◆ Data section ◆
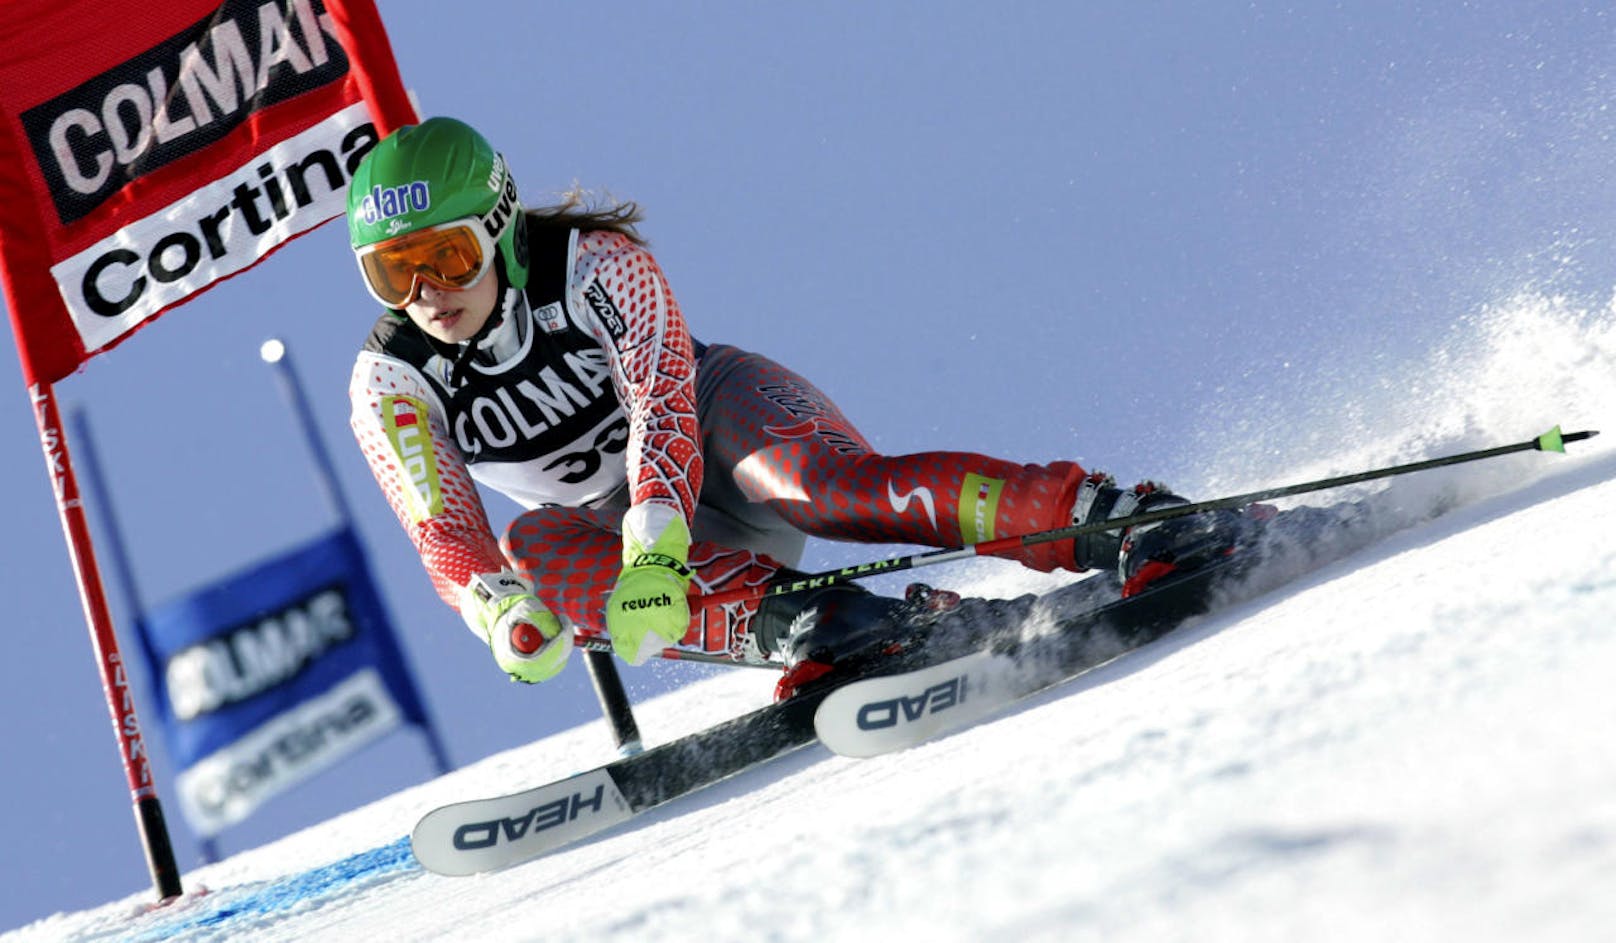 Die ersten Weltcup-Punkte folgten einige Wochen später im siebenten Rennen. Am 21. Jänner 2007 fuhr Anna F. beim Riesentorlauf in Cortina (It) auf Rang 16.
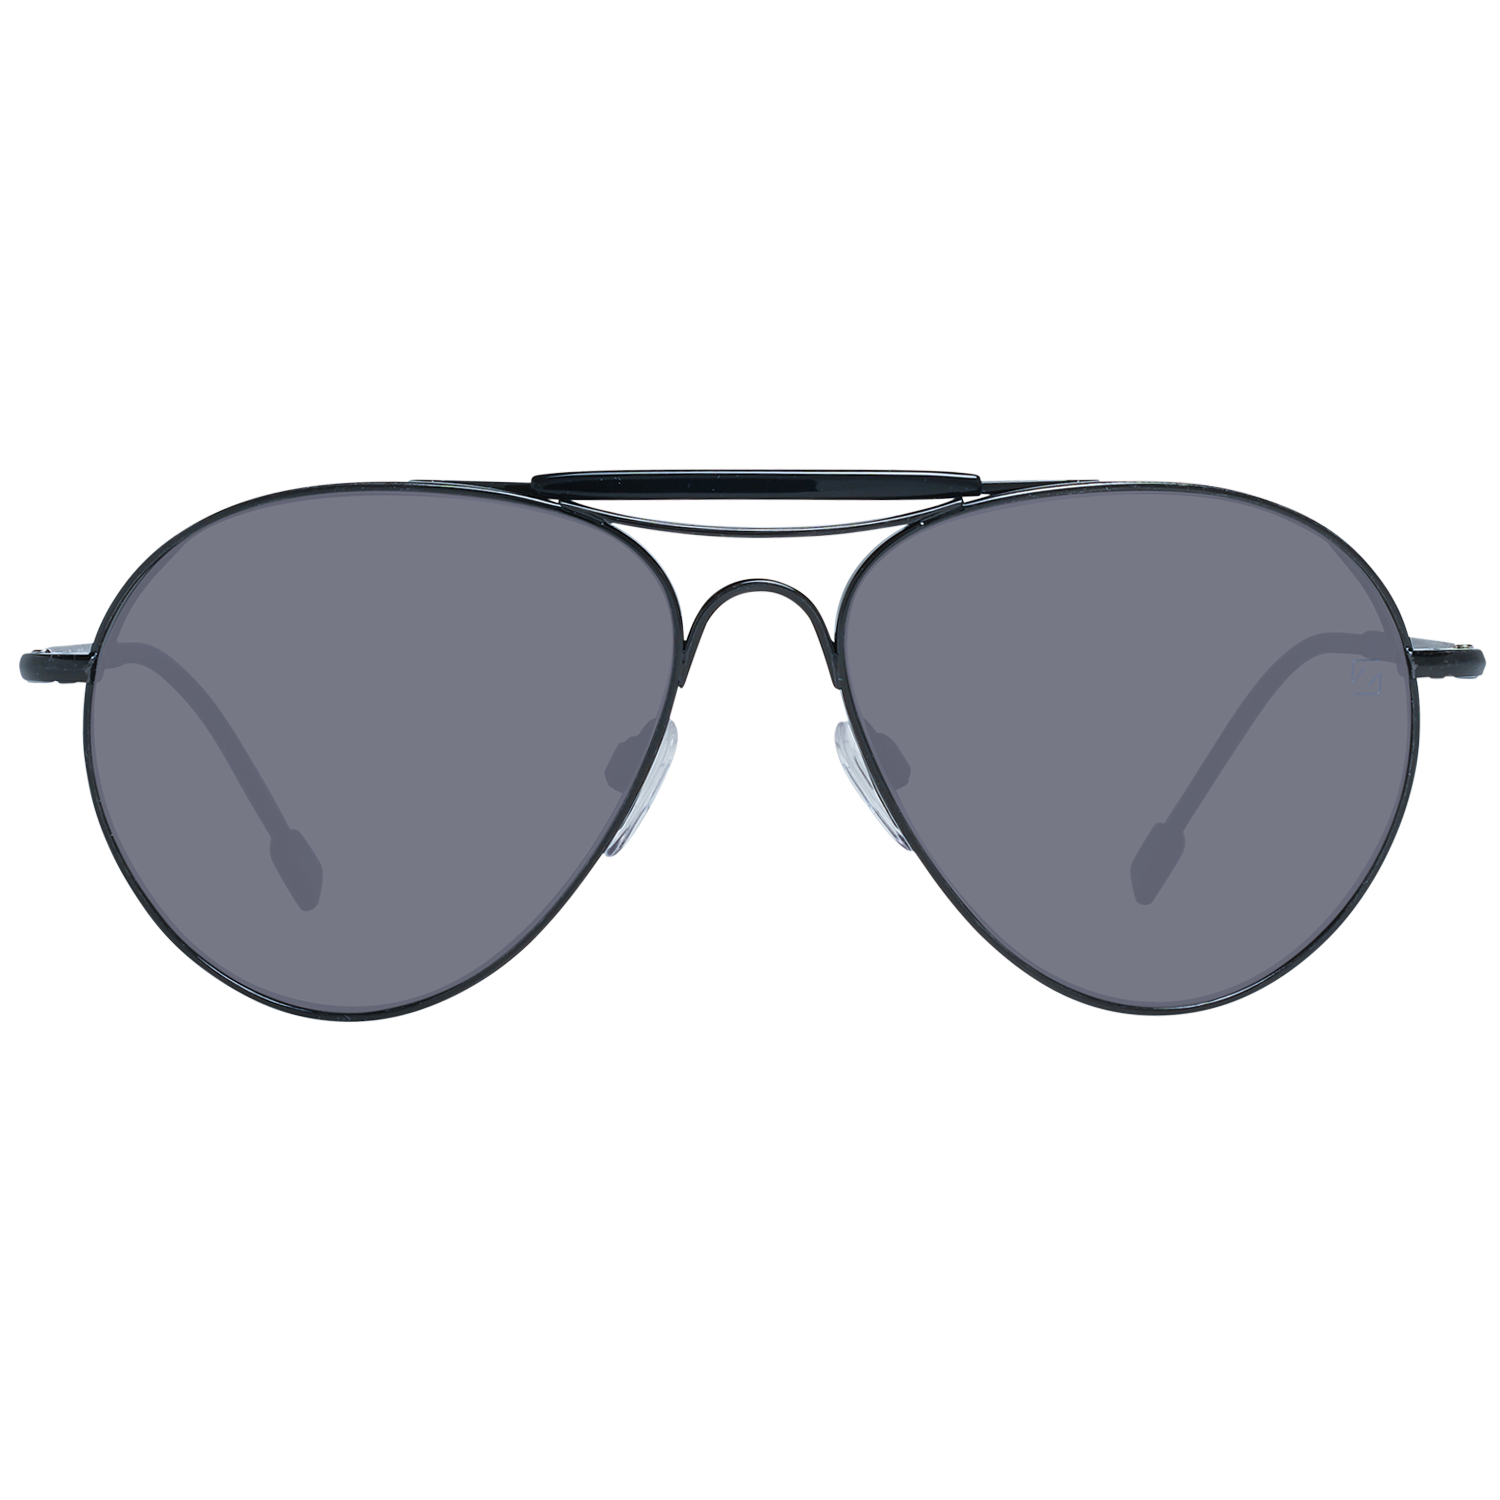 Zegna Couture Sunglasses Zegna Couture Sunglasses ZC0020 57 02A Titanium Eyeglasses Eyewear UK USA Australia 
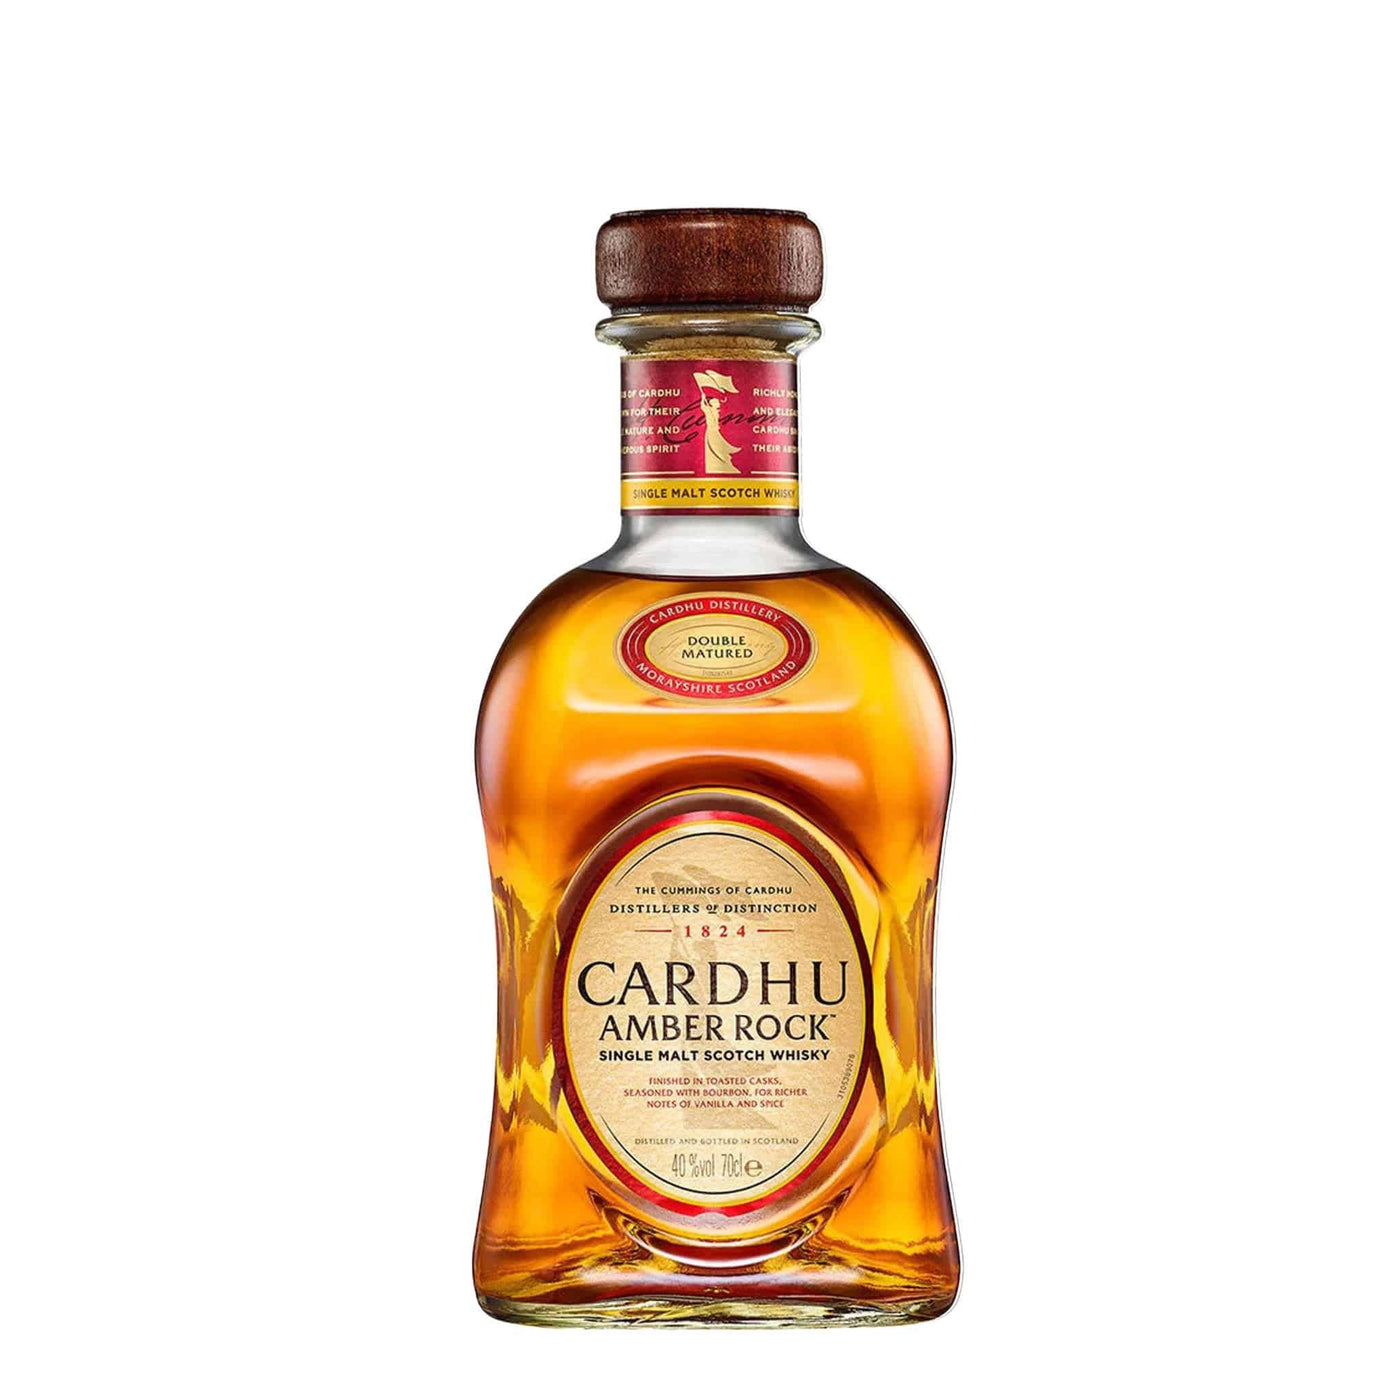 Cardhu Amber Rock Whisky - Spiritly
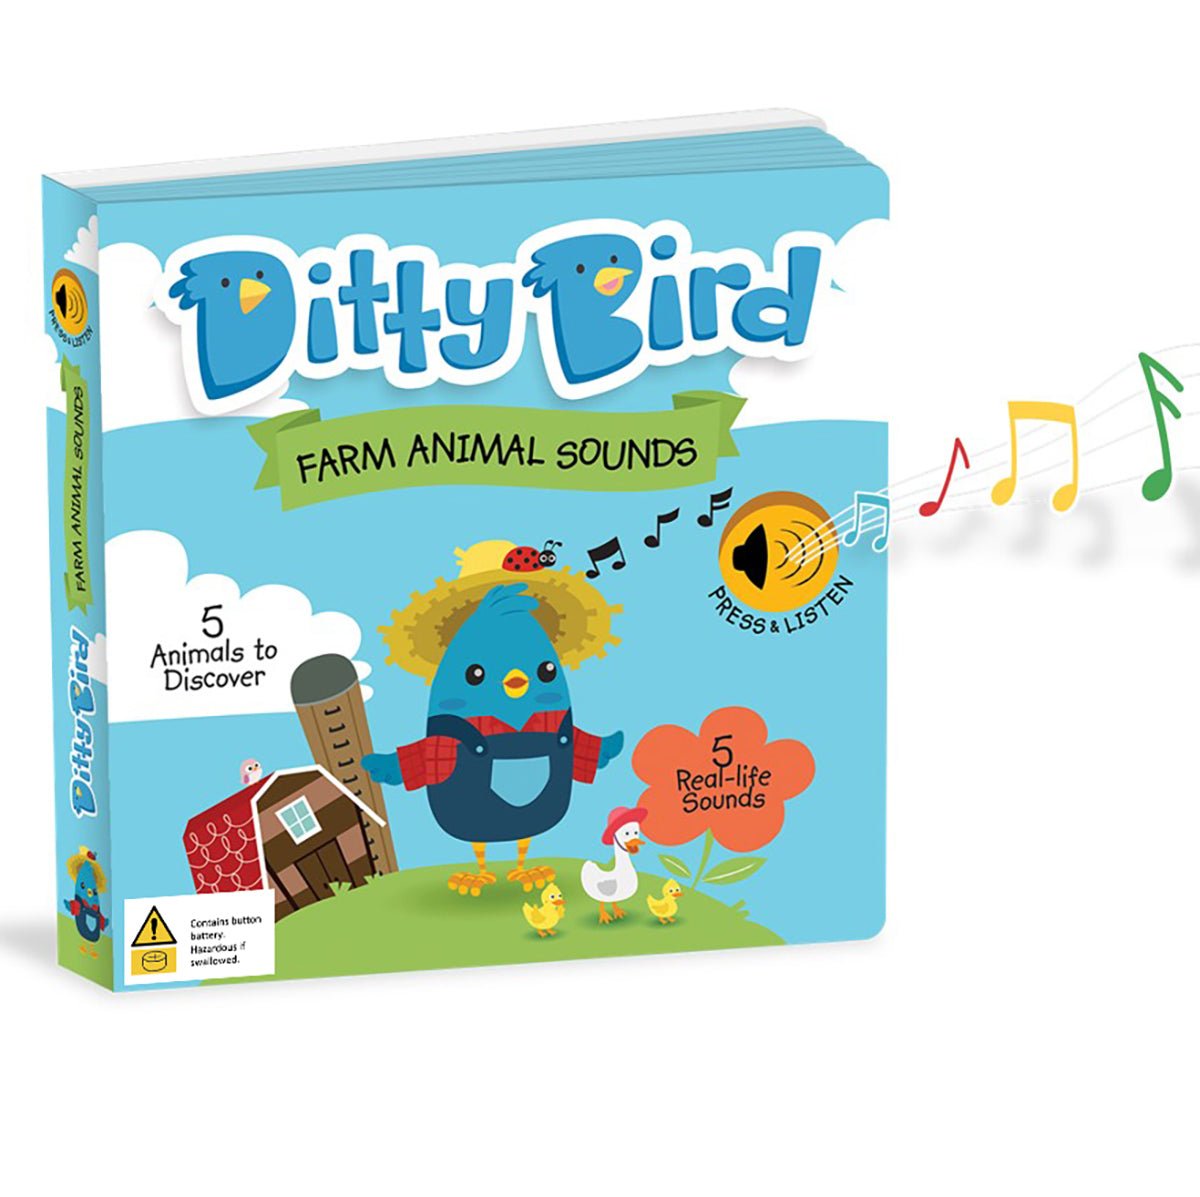 Ditty Bird Farm Animal Sounds Book | Ditty Bird

◆ What you have to do ◆
Please write out the lines from the one that holds "Zegna Couture Sunglasses Zegna" through the end of the material, both ends included, exactly and with no pictures.

◆ Result ◆
 Zegna Couture Sunglasses Zegna Couture Sunglasses ZC0020 57 02A Titanium Eyeglasses Eyewear UK USA Australia 
 Cardhu Amber Rock Whisky - Spiritly
 Ditty Bird Farm Animal Sounds Book | Ditty Bird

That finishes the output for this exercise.